* **WORK ITEM**
Write out all of the data again, precisely as it appears.

* **SUPPLIED MATERIAL**
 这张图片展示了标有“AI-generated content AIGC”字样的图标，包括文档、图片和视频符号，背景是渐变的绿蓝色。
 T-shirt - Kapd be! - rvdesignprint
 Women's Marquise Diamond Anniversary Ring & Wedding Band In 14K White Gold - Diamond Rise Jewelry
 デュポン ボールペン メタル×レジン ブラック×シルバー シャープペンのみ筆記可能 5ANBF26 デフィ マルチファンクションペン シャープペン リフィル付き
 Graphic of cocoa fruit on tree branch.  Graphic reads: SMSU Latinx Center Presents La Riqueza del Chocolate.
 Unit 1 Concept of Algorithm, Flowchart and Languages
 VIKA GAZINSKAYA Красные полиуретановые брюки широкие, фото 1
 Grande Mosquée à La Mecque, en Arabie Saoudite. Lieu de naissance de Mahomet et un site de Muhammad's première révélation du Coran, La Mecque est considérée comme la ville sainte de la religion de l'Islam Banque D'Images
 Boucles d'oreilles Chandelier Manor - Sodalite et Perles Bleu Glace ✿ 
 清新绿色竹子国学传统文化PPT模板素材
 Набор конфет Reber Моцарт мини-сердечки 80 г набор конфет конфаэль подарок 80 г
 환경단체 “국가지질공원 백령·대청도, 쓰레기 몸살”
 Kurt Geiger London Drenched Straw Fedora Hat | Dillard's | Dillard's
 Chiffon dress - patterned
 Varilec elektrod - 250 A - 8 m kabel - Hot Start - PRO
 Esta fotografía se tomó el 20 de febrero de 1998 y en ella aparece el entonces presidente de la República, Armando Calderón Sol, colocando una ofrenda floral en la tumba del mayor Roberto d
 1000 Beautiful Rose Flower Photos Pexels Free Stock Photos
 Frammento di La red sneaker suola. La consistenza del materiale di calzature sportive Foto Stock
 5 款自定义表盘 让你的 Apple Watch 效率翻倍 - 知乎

* **ANSWER TO THIS TASK**
 这张图片展示了标有“AI-generated content AIGC”字样的图标，包括文档、图片和视频符号，背景是渐变的绿蓝色。
 T-shirt - Kapd be! - rvdesignprint
 Women's Marquise Diamond Anniversary Ring & Wedding Band In 14K White Gold - Diamond Rise Jewelry
 デュポン ボールペン メタル×レジン ブラック×シルバー シャープペンのみ筆記可能 5ANBF26 デフィ マルチファンクションペン シャープペン リフィル付き
 Graphic of cocoa fruit on tree branch.  Graphic reads: SMSU Latinx Center Presents La Riqueza del Chocolate.
 Unit 1 Concept of Algorithm, Flowchart and Languages
 VIKA GAZINSKAYA Красные полиуретановые брюки широкие, фото 1
 Grande Mosquée à La Mecque, en Arabie Saoudite. Lieu de naissance de Mahomet et un site de Muhammad's première révélation du Coran, La Mecque est considérée comme la ville sainte de la religion de l'Islam Banque D'Images
 Boucles d'oreilles Chandelier Manor - Sodalite et Perles Bleu Glace ✿ 
 清新绿色竹子国学传统文化PPT模板素材
 Набор конфет Reber Моцарт мини-сердечки 80 г набор конфет конфаэль подарок 80 г
 환경단체 “국가지질공원 백령·대청도, 쓰레기 몸살”
 Kurt Geiger London Drenched Straw Fedora Hat | Dillard's | Dillard's
 Chiffon dress - patterned
 Varilec elektrod - 250 A - 8 m kabel - Hot Start - PRO
 Esta fotografía se tomó el 20 de febrero de 1998 y en ella aparece el entonces presidente de la República, Armando Calderón Sol, colocando una ofrenda floral en la tumba del mayor Roberto d
 1000 Beautiful Rose Flower Photos Pexels Free Stock Photos
 Frammento di La red sneaker suola. La consistenza del materiale di calzature sportive Foto Stock
 5 款自定义表盘 让你的 Apple Watch 效率翻倍 - 知乎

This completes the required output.